The institutional advantages of the current scientific community are so apparent that it seems more feasible to reform it than to supplant it. It’s worth thinking about how we could achieve either.
I don’t understand your comment, could you explain? Science seems to generate more knowledge than LW-style rationality. Maybe you meant to say “LW-style rationality is not about knowledge”?
Science has a large scale academic infrastructure to draw on, wherein people can propose research that they want to get done, and those who argue sufficiently persuasively that their research is solid and productive receive money and resources to conduct it.
You could make a system that produces more knowledge than modern science just by diverting a substantial portion of the national budget to fund it, so only the people proposing experiments that are too poorly designed to be useful don’t get funding.
Besides which, improved rationality can’t simply replace entire bodies of domain specific knowledge.
There are plenty of ways though, in which mainstream science is inefficient at producing knowledge, such as improper use of statistics, publication bias, and biased interpretation of results. There are ways to do better, and most scientists (at least those I’ve spoken to about it,) acknowledge this, but science is very significantly a social process which individual scientists have neither the power nor the social incentives to change.
“There are plenty of ways though, in which mainstream science is inefficient at producing knowledge, such as improper use of statistics, publication bias, and biased interpretation of results. There are ways to do better, and most scientists (at least those I’ve spoken to about it,) acknowledge this, but science is very significantly a social process which individual scientists have neither the power nor the social incentives to change.”

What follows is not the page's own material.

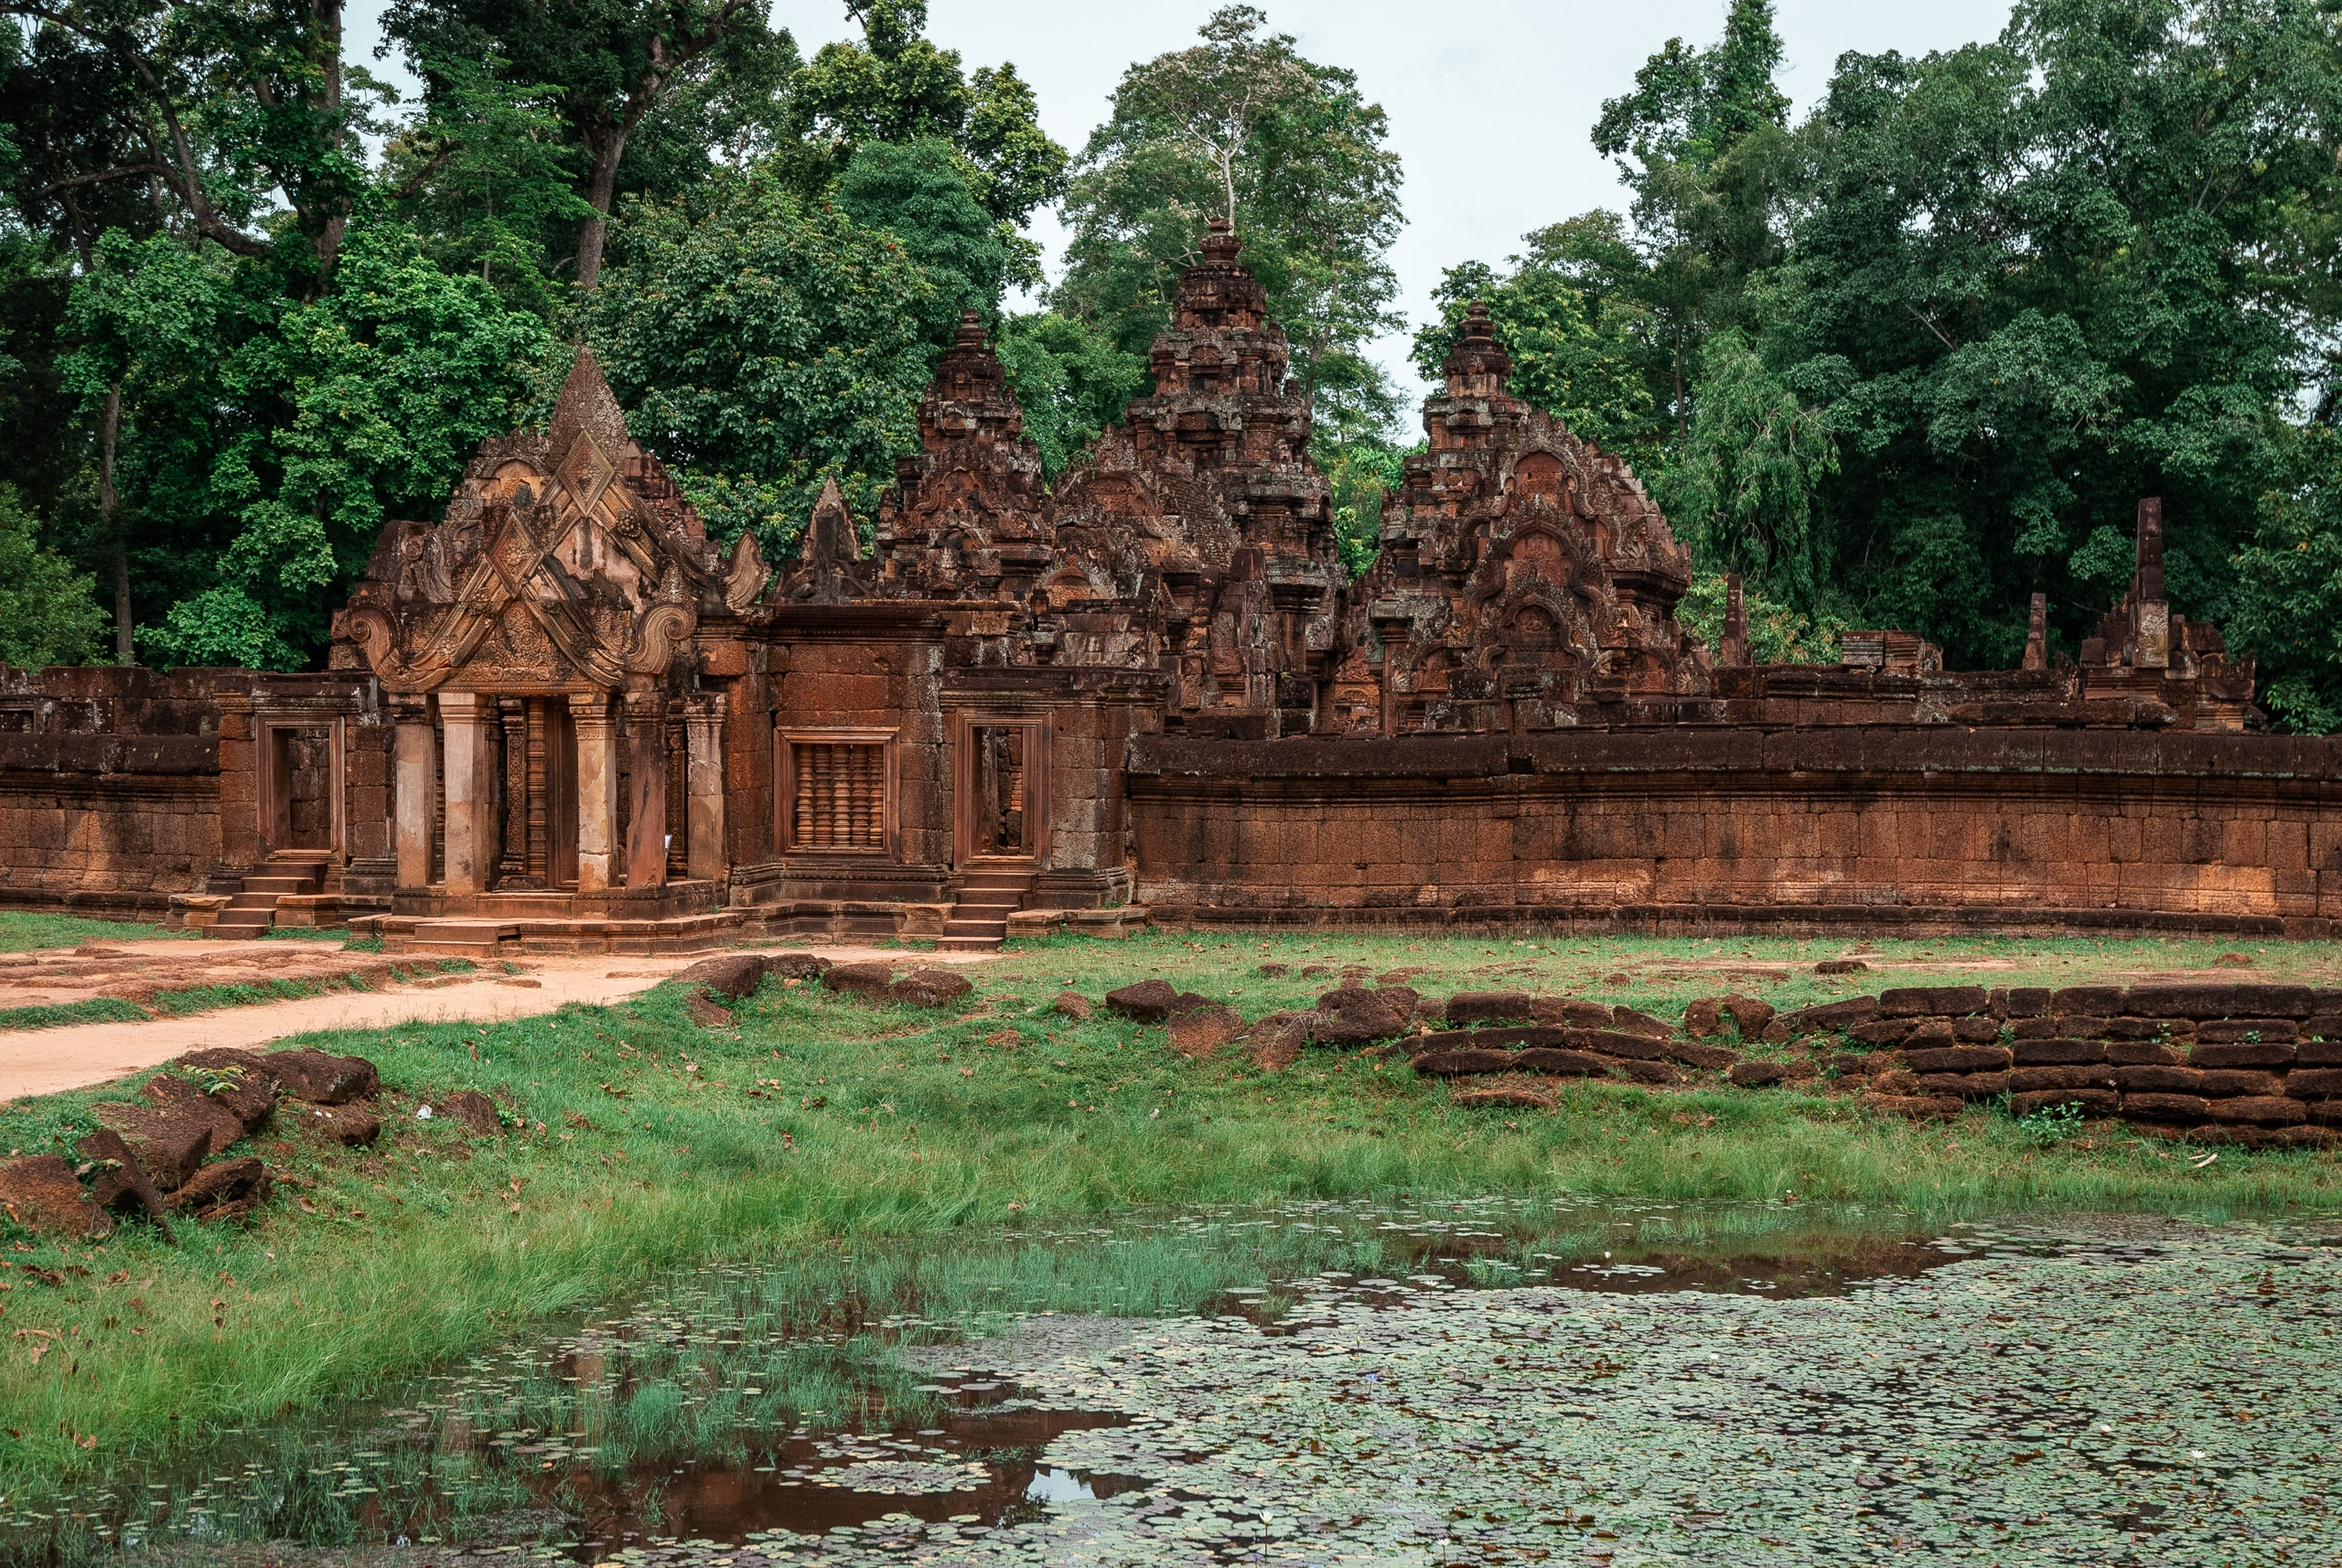 Cambodia - Angkor Wat - 2007-0627-DSC_0019_118319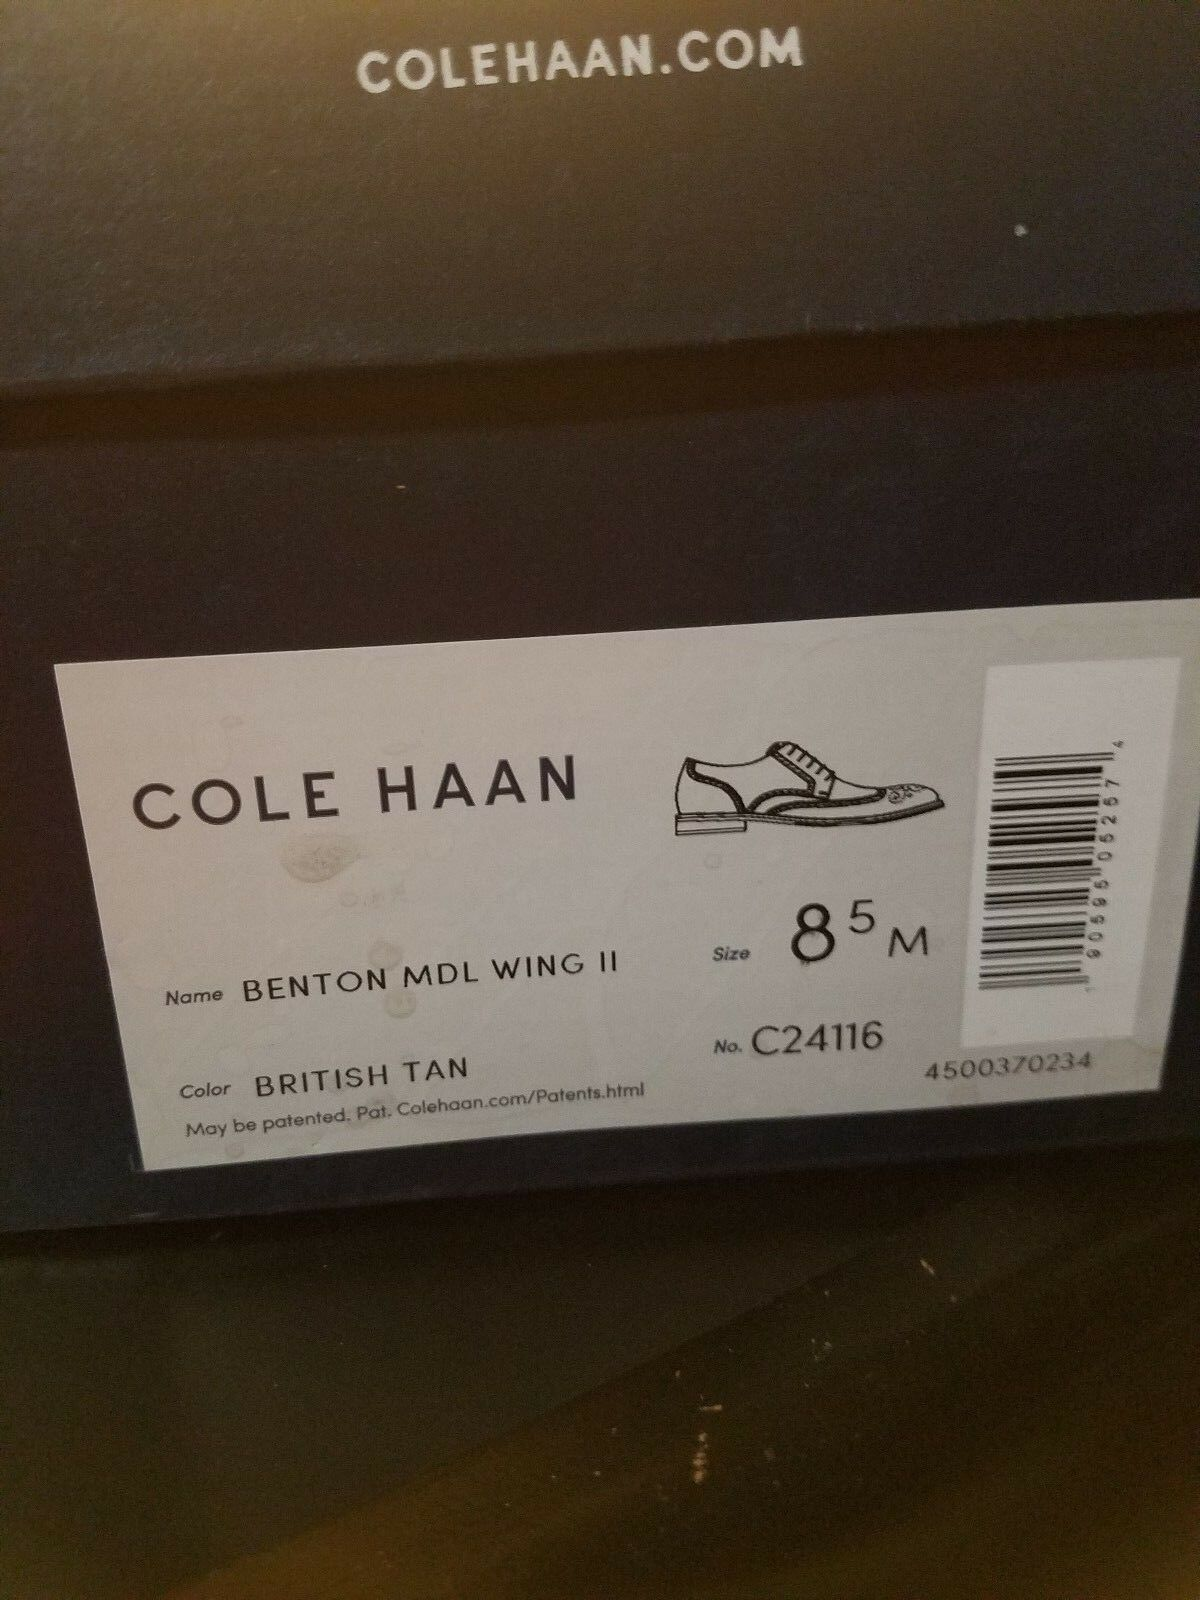 COLE HAAN BENTON WINGTIP OXFORD II (C24116) BNIB RARE RARE RARE HIGH QUALITY SZ  8.5M c45611

I am an academic. Can you suggest three concrete ways for me to improve my knowledge production, which will not leave me worse off?
Ways for science as an academic institution, or for you personally? For the latter, Luke has already done the work of creating a post on that. For the former, it’s more difficult, since a lot of productivity in science requires cooperation with the existing institution. At the least, I would suggest registering your experiments in a public database before conducting them, if any exist within your field, and using Bayesian probability software to process the statistics of your experiments (this will probably not help you at all in getting published, but if you do it in addition to regular significance testing, it should hopefully not inhibit it either.)
My default answer for anything regarding Hanson is ‘signaling’. How to fix science is a good start.
Science isn’t just about getting things wrong or right, but an intricate signaling game. This is why most of what comes out of journals is wrong. Scientists are rewarded for publishing results, right or wrong, so they comb data for correlations which may or may not be relevant. (Statically speaking, if you comb data 20 different ways, you’ll get at least 1 thing which shows a statistically significant correlation, just from sheer random chance.) Journals are rewarded for publishing sensational results, and not confirmations or even refutations (especially refutations of things they published in the first place). The rewards system does not set up coming with right answers, but coming up with answers that are sensational and cannot be easily refuted. Being right does make them hard to refute, which is why science is useful at all but that’s not the only way things are made hard to refute.
An ideal bayesian unconstrained with signaling could completely outdo our current scientific system (as it could do for in all spheres of life). Even shifting our current system to be more bayesian by abandoning the journal system and creating pre-registration of scientific studies would be a huge upgrade. But science isn’t about knowledge, knowledge is just a very useful byproduct we get from it.
But Grognor (not, as this comment read earlier, army1987) said that “we mere mortals can do better with Bayes”, not that “an ideal bayesian unconstrained with signaling could completely outdo our current scientific system”. Arguing, in response to cousin_it, that scientists are concerned with signalling makes the claim even stronger, and the question more compelling—“why aren’t we doing better already?”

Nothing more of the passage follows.